It’s been a strange week. Whenever I get toward the end of a project, I sabotage my progress by finding distractions (or I let them take over “There, I said it.”). I honestly don’t want my story to be over. I’m madly in love with my latest protagonist, Braxton Valentine. Valentine: Steel Heart will be launched Oct 31 as part of a new Amazon Kindle World – Desiree Holt’s The Phoenix Agency. This will be book 1 of 2, with the second installment coming in Feb 2018. I don’t have to say good-bye to my brooding hero, but that doesn’t make it easy to finish book 1.

I wanted to have a free schedule for the holidays, not like last year where I wrote like a mad woman for a January release. Never, never, never again. That’s the goal, but in the midst of my mounting common sense comes my new website design.

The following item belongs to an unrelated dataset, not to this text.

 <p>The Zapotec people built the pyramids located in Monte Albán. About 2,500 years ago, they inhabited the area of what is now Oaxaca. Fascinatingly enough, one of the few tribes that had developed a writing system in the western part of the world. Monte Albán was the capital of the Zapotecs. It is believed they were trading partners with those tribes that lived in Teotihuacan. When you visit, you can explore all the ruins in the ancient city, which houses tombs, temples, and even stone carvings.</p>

Distraction #1 – I asked my designer, Maddee at Xuni, to create a WordPress site I can maintain by myself to keep the cost down on monthly tweaking and all the new releases. I’ll be launching it soon, but I had to teach myself much more than I ever thought I would know about WordPress (WP). Like a petulant child, I kicked and wailed against doing it NOW, but I eventually broke down WHILE I WAS FINISHING Valentine’s story. After I sunk my teeth into my learning curve, I found I really enjoyed getting to know more about WP & I’m thrilled that I will finally have control over my site. I still plan on using Xuni for some administrative functions. I can’t totally quit Maddee and need my fix, but it was satisfying to learn something new and gain control at the same time.

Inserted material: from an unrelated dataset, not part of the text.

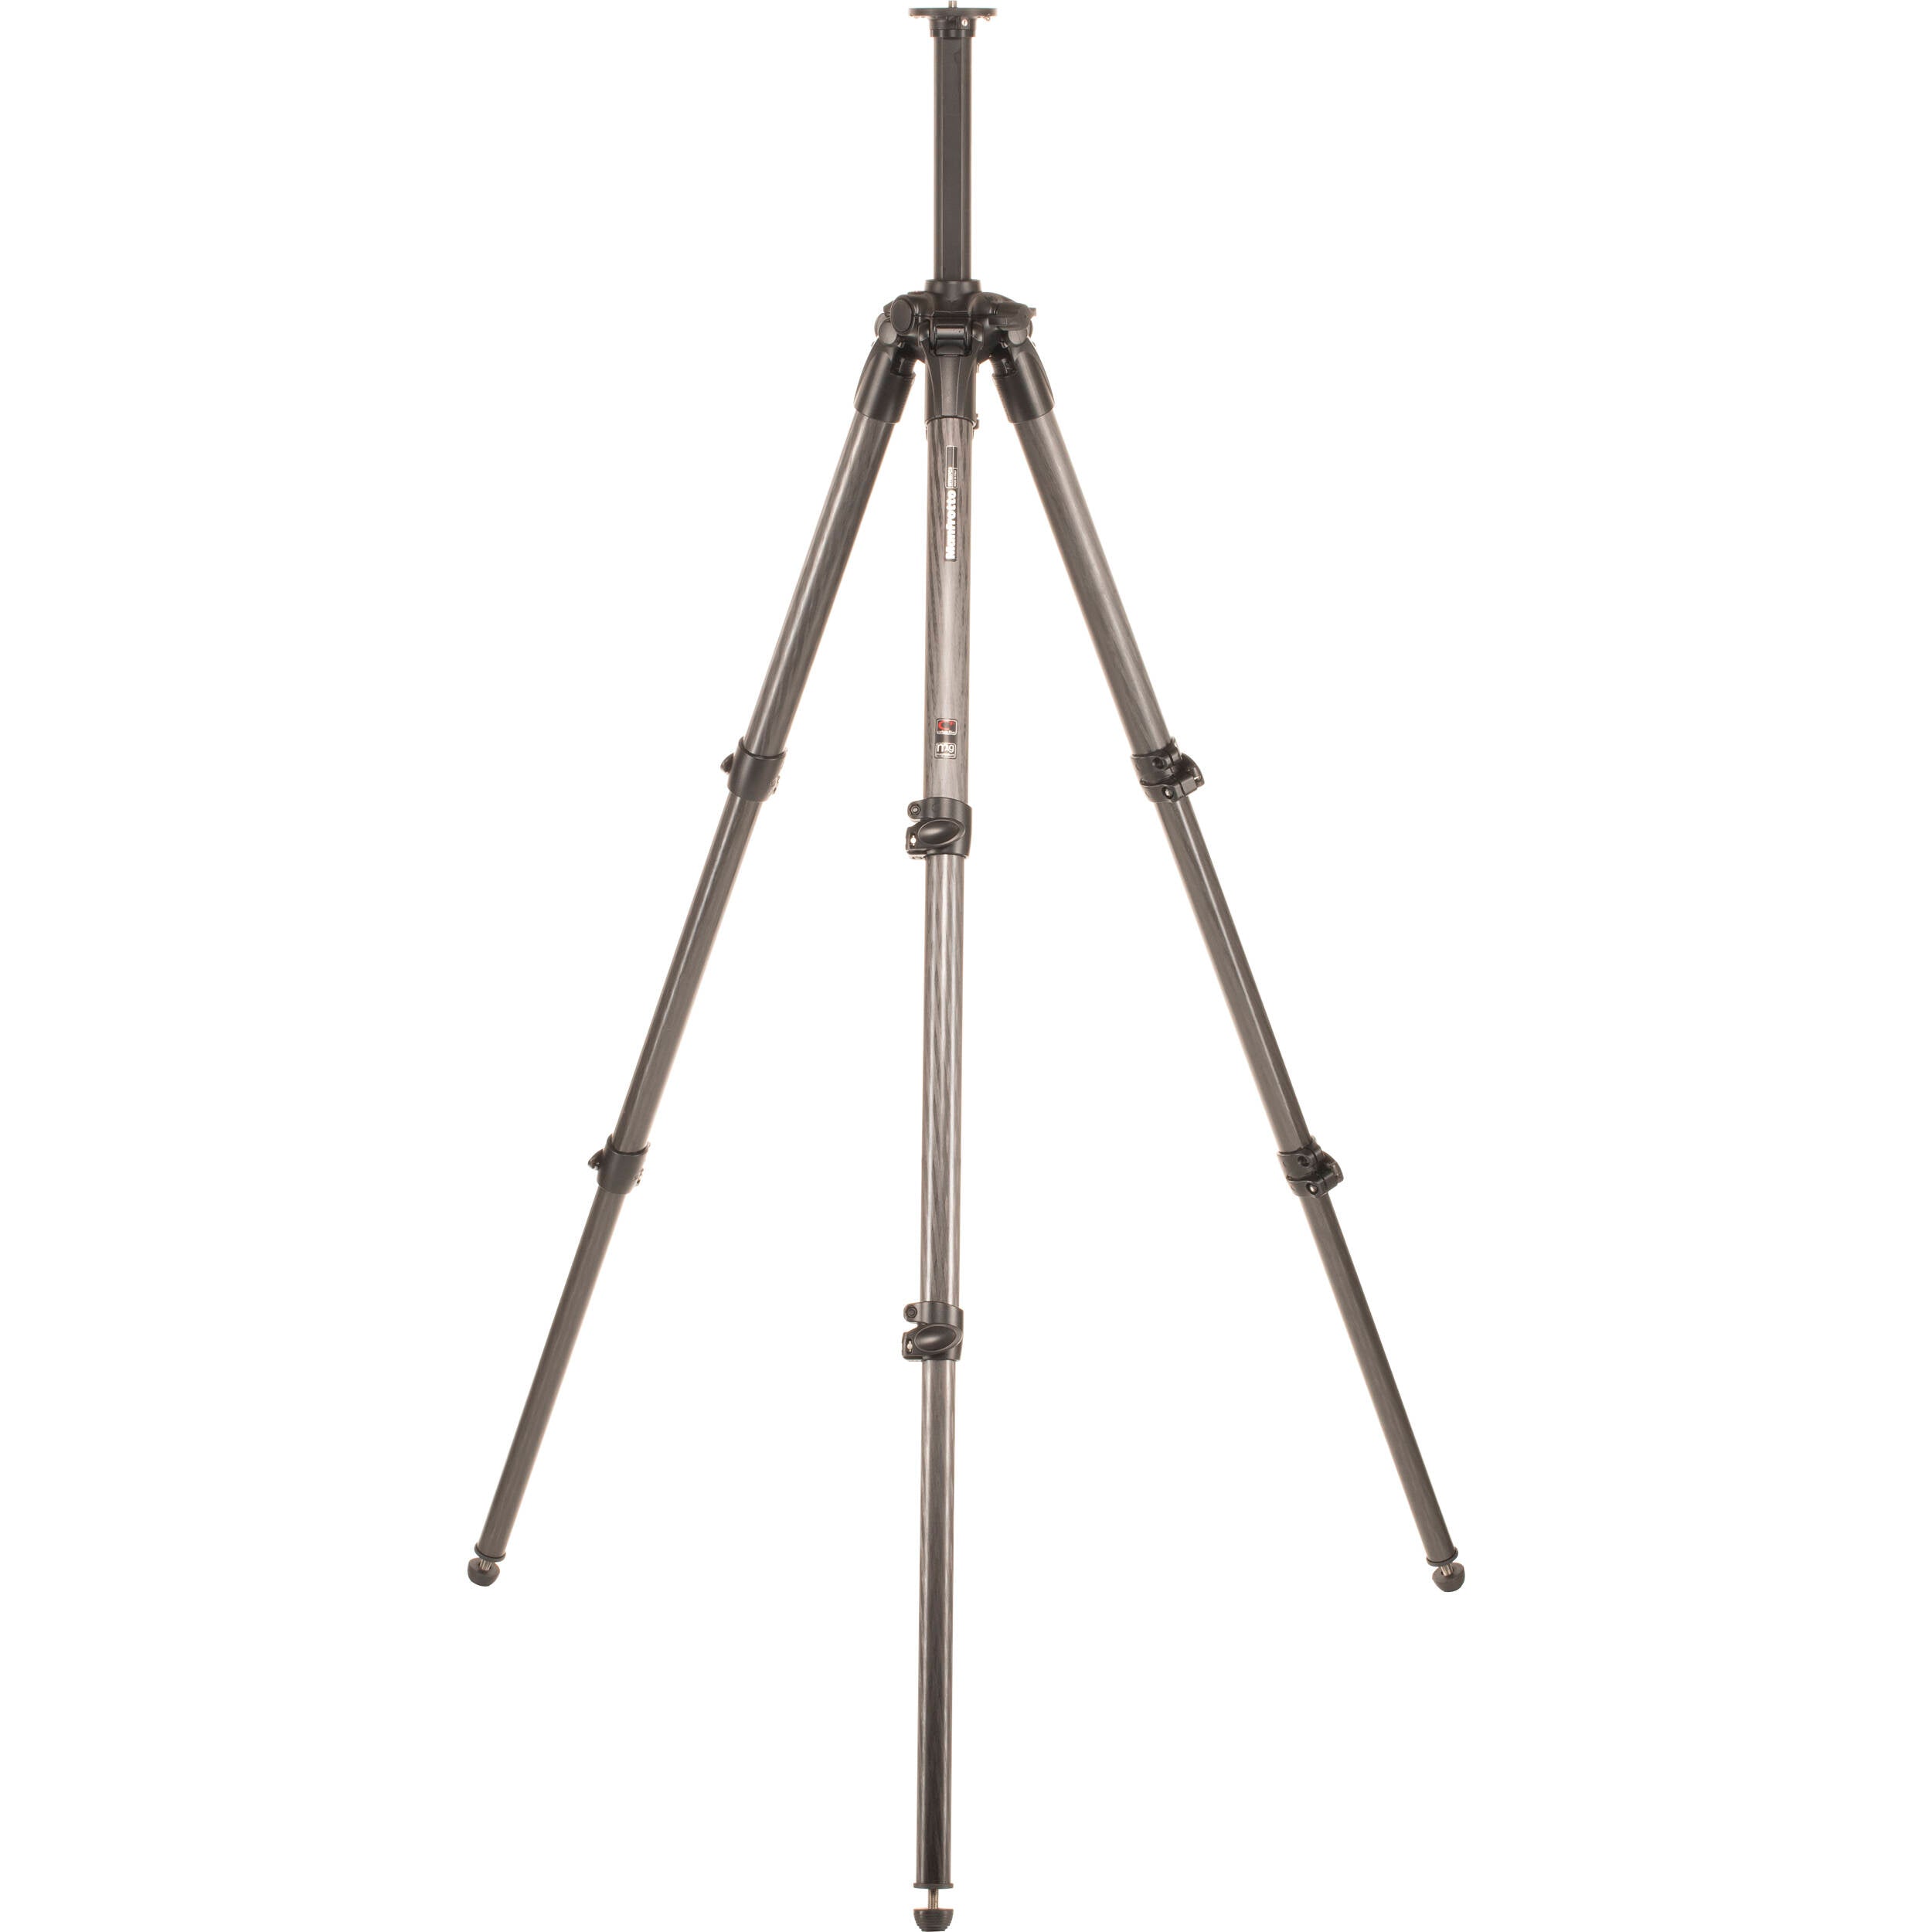 Manfrotto 057 Carbon Fiber Tripod with Rapid Column - 3-sections

Distraction #2 – Since I saw the end of my project in sight (we’re talking final chapter, big finish, folks), I decided to make contact with a local writers group and attend one of their critique sessions. I enjoy giving back to the writing community, as other authors have done for me, and I also get a lot out of reviewing and giving feedback to others. The meeting was held at a good restaurant I like, double score, and I met new people, trifecta. But after lunch we began the critique process (which hasn’t changed in YEARS), which is to read 10 pages aloud (cold) and provide feedback. Instead of hearing submissions of fiction, I heard only one memoir and one screenplay/script before I had to cut out. In the past, this group has also had quite a number of poets. Not one fiction read. I have to say I was a little disappointed, except that I wanted to make the most of it and focus on how screenplays can still evoke emotion with good dialogue and setting.

The next day I researched script writing and read examples of famous scenes from well-known movies that were packed with very emotional content. It inspired me to double my efforts to put the right dialogue into every scene and fill it with emotion. The setting can still be sparse (especially when I am writing shorter Amazon Kindle Worlds these last few months), but the dialogue needs meat and heft. The film-goer or the reader MUST be gripped by your stripped down version of a story and their minds fill in the gaps to paint a picture in their minds that can be rich and satisfying.

Have any of you thought about script writing?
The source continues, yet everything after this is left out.